State of Python 3 as default in Fedora

Zbigniew Jędrzejewski-Szmek zbyszek at in.waw.pl
Tue Mar 4 18:07:27 UTC 2014


On Tue, Mar 04, 2014 at 11:15:34AM -0500, Dan Scott wrote:
> On Wed, Feb 12, 2014 at 7:52 AM, Miro Hrončok <mhroncok at redhat.com> wrote:
> 
> > Hi,
> >
> > I've just published a blogpost that summarizes what's going on with Python
> > 3 as default in Fedora.
> >
> > You can find it here:
> >
> > http://eng.hroncok.cz/2014/02/12/python3-fedora-default/
> >
> > Feel free to post any comments on my blog or here on the mailing list(s)
> 
> 
> Basic process question: do existing packages that currently offer only
> Python 2 support, but for which upstream has subsequently added Python 3
> compatibility, follow the normal new package / full review process if
> you're adding Python 3 support as a subpackage to the existing spec file?
> (I'm working on python-rdflib at the moment, which fits this criteria).
No, they don't. There's no mandate to do a full review when new subpackages
are added, and Python 3 packages are not treated differently here.

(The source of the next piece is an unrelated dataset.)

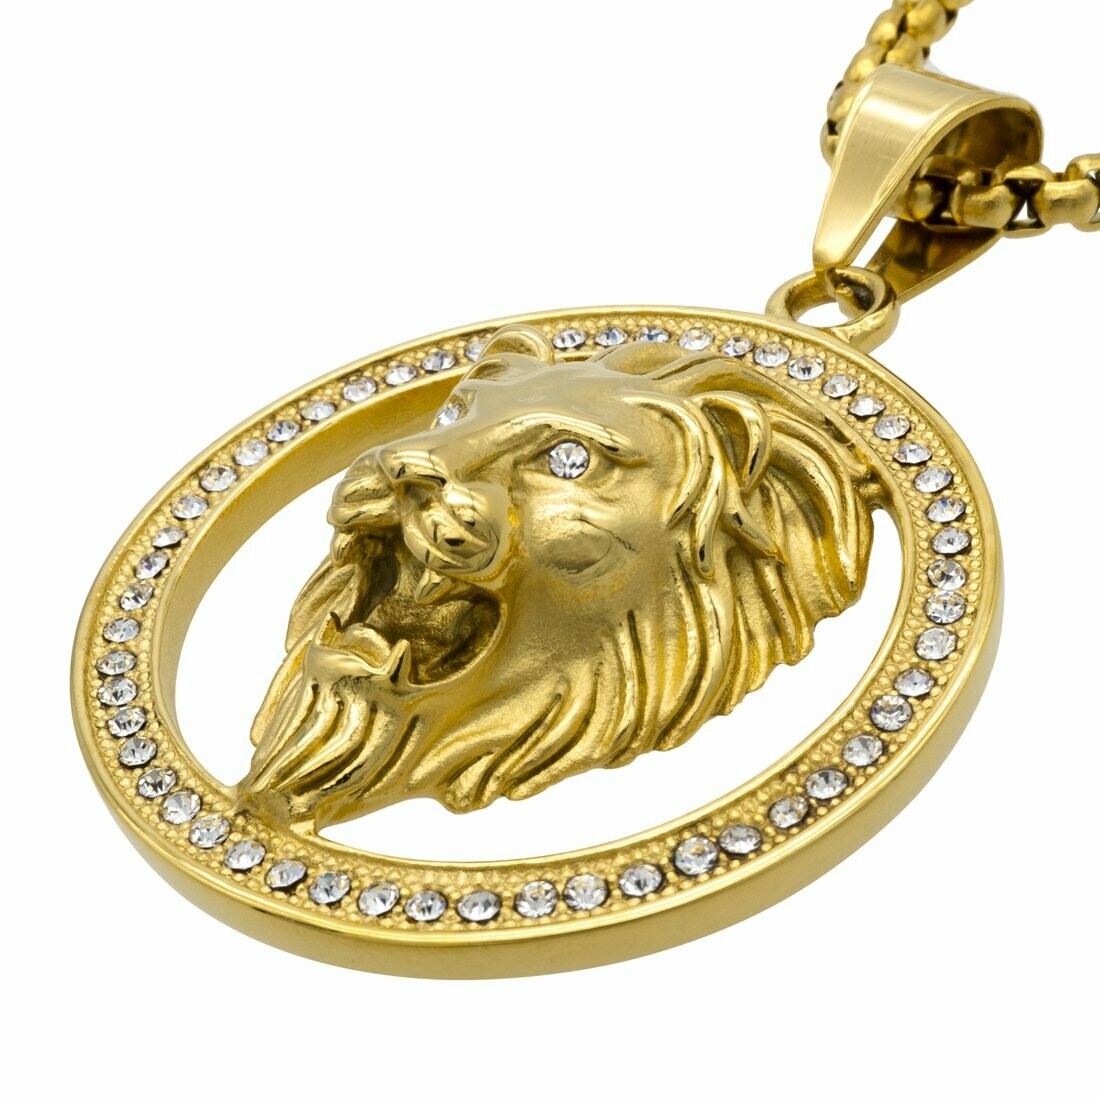 Halskette Anhänger Löwenkopf vergoldet mit Strass Edelstahl
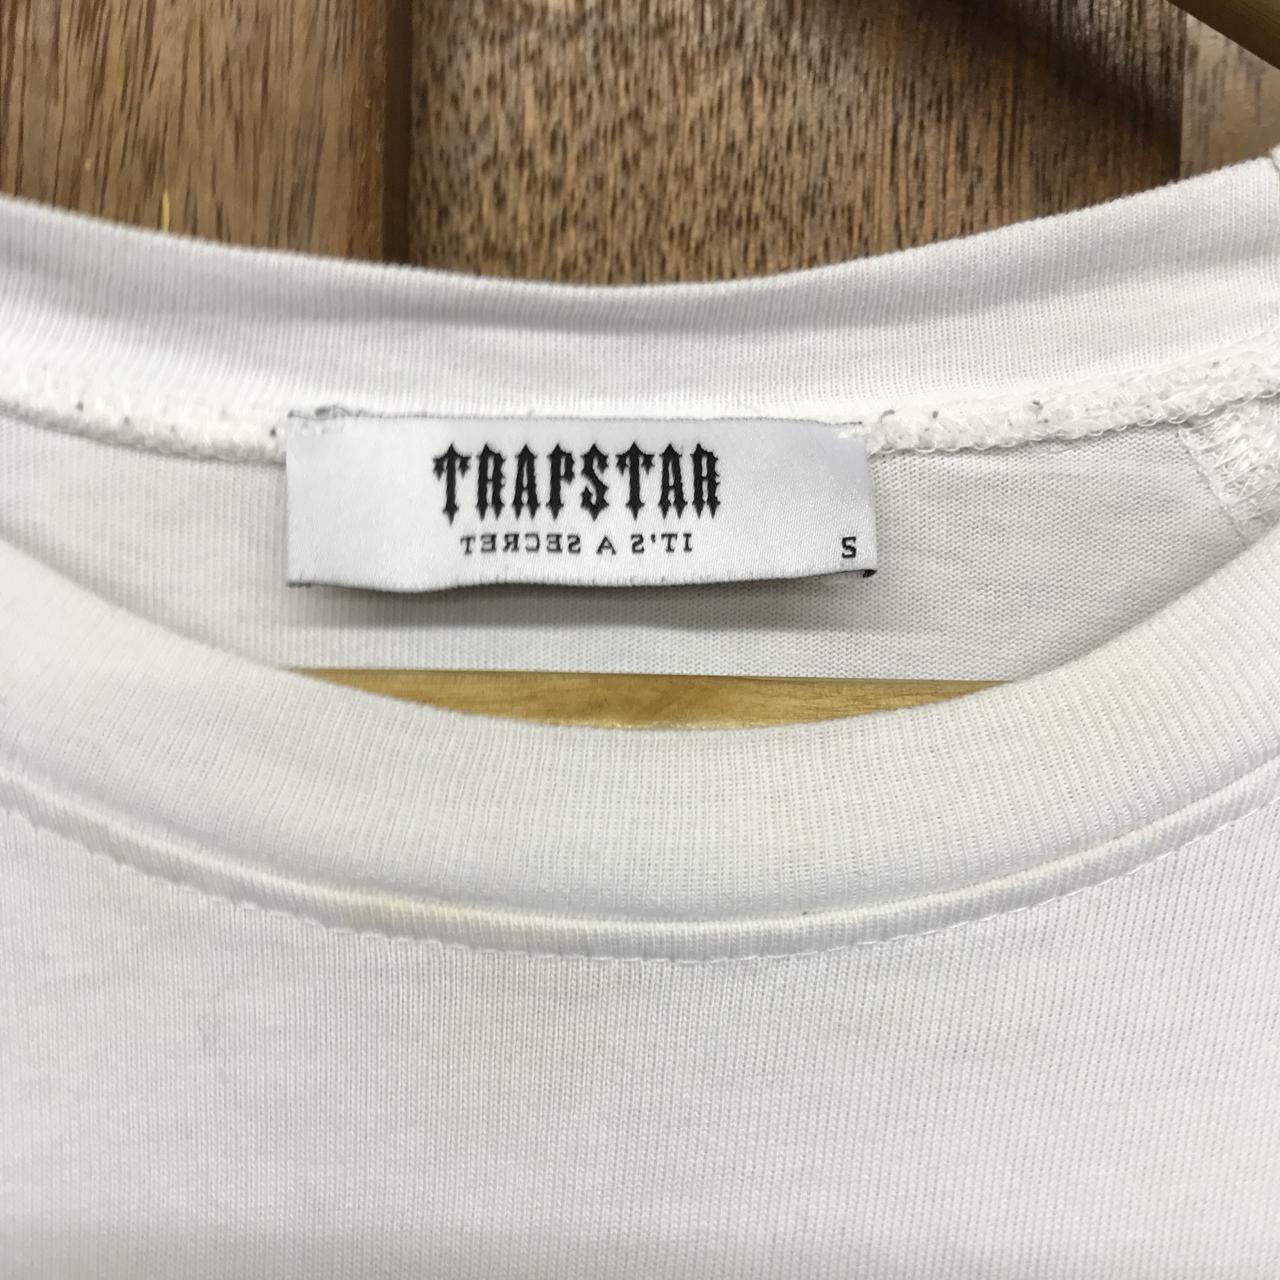 Trap star t shirt fits small - Depop

And there's really no need to in the case of Python 3 subpackages:
they are usually rather mundane duplicates of their Python 2
counterparts with some paths changes.

Zbyszek

> I would assume so, but didn't find an explicit statement one way or another
> in https://fedoraproject.org/wiki/Packaging:Python . As I suspect this will
> be a common case with a push for Python 3 as default, I'll be happy to add
> a corresponding statement to that page.